Until we find a better solution we should use clear the model classes on each description creation, like we've done in other issues recently.
#3 Updated by José Raddaoui Marín almost 2 years ago
- Status changed from Code Review to QA/Review
- Assignee deleted (
José Raddaoui Marín)
#5 Updated by Miguel Angel Medinilla Luque almost 2 years ago
Tested with a bit CSV file (3MB) and a large database (io table > 500k records) with memory-profiler (https://pypi.org/project/memory-profiler/).

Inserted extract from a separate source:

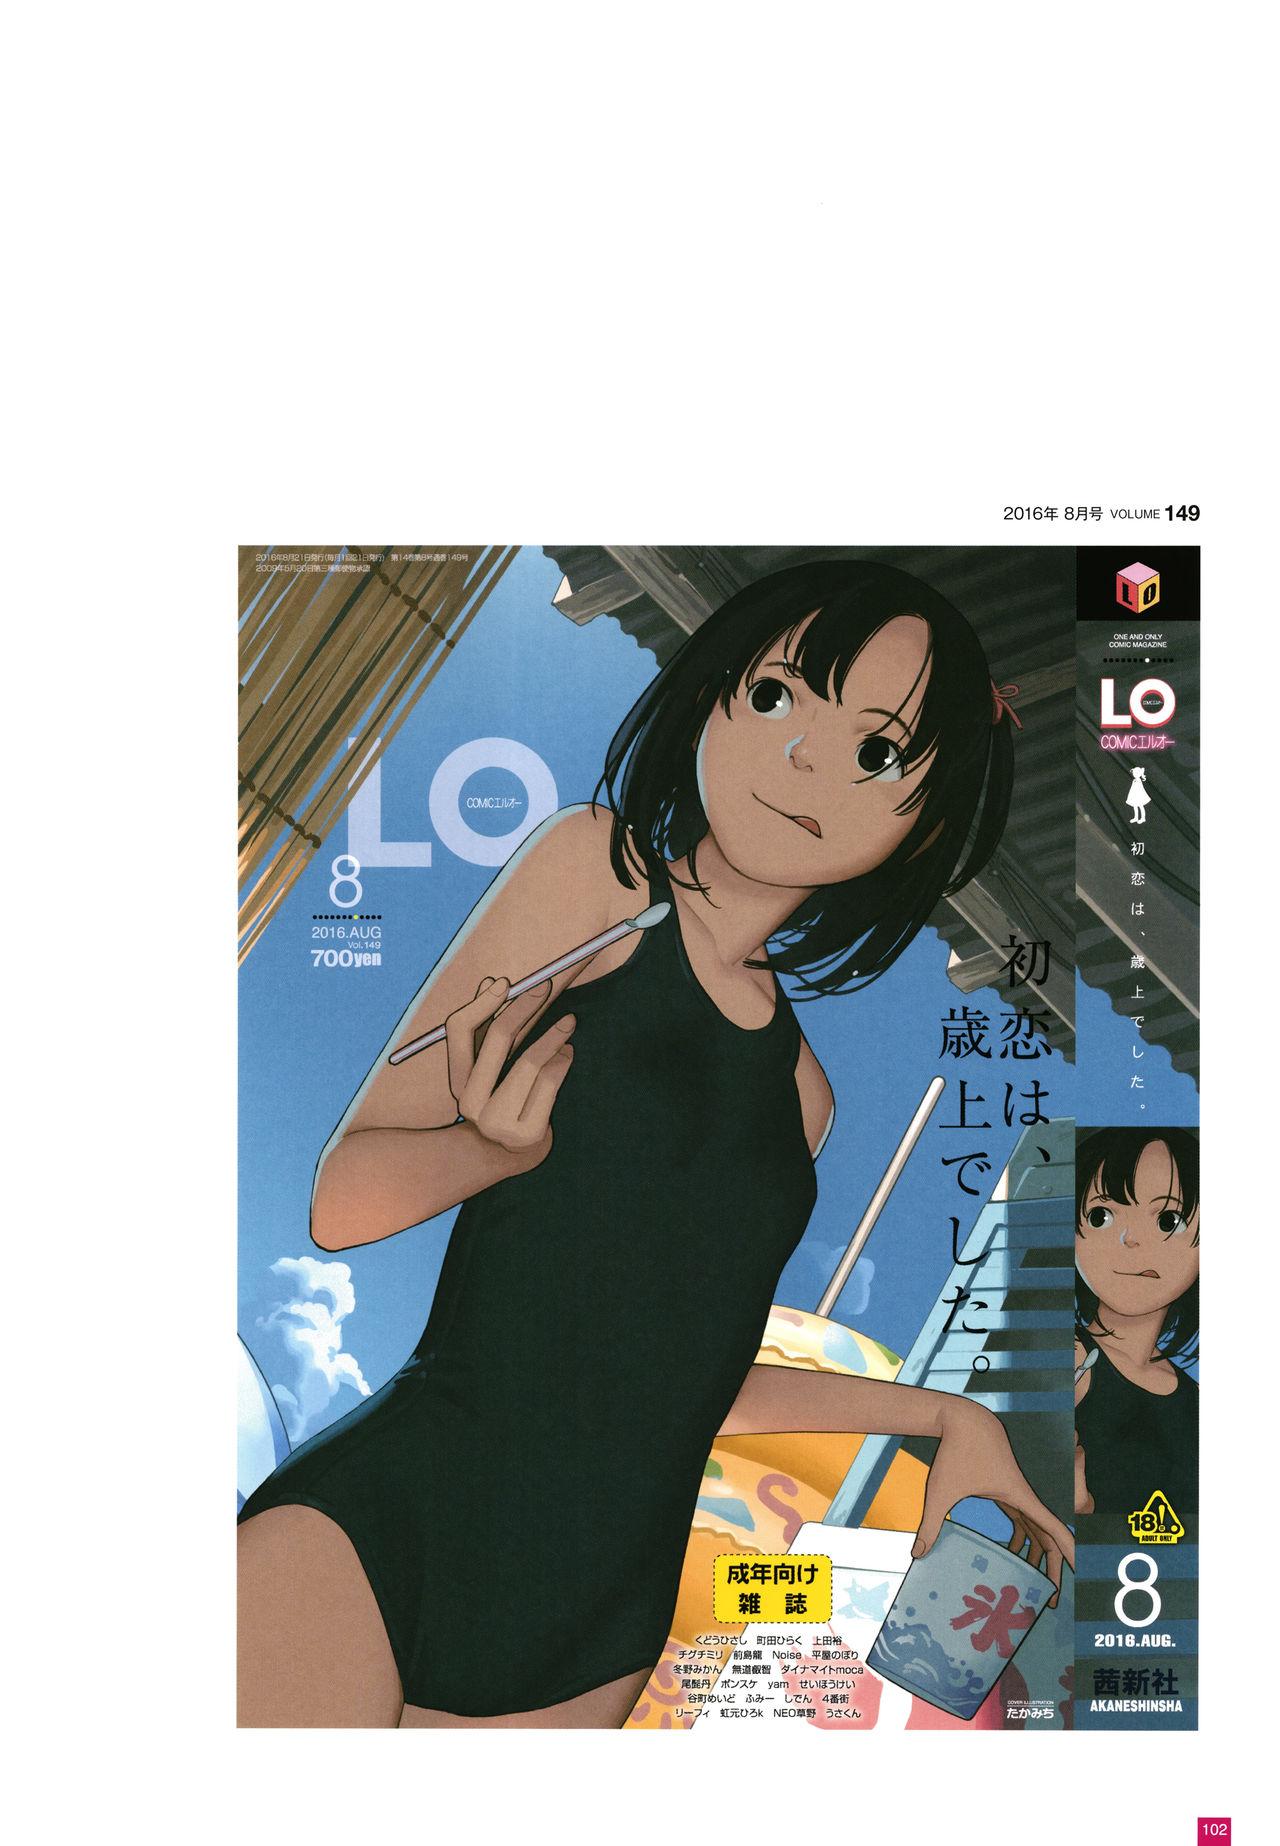 [Takamichi] LO Artbook 2-B TAKAMICHI LO-fi WORKS 104

- Atom 2.5 VM: 4 vCPUs, 15GB memory, Ubuntu Bionic
- Atom 2.6 VM: 2 vCPUs, 7GB memory, Ubuntu Bionic
To install memory-profiler:
sudo pip install -U memory-profiler matplotlib tk
To run the memory-profiler with the csv import:
sudo su - www-data -s /bin/bash cd /usr/share/nginx/atom mprof run --include-children php symfony csv:import --index --source-name=XX /home/artefactual/XXXXXXXX_CSV.csv mprof plot --output atom_memory.png --backend Agg
Running the above commands, a png file is created: /usr/share/nginx/atom/atom_memory.png
AtoM 2.5 memory test¶
The max memory usage is 120MB, but the graph shows that the memory usage is always growing but with a low slope.
AtoM 2.6 memory test¶
There are 2 different sections in this graph:
a) Memory usage is almost constant with a lower slope than 2.5 graph, and the max memory usage is ~ 80MB
b) The memory usage is increased till ~ 470MB (but it remains constant). This section happens when rebuilding the nested set.
The memory usage in AtoM 2.6 is lower than 2.5 (80MB vs 120MB in this big test) with CSV import if the rebuild nested set section is discarded.
This a a very large test database (io table > 500k records) but I think the memory usage when rebuilding the nested set should be reviewed.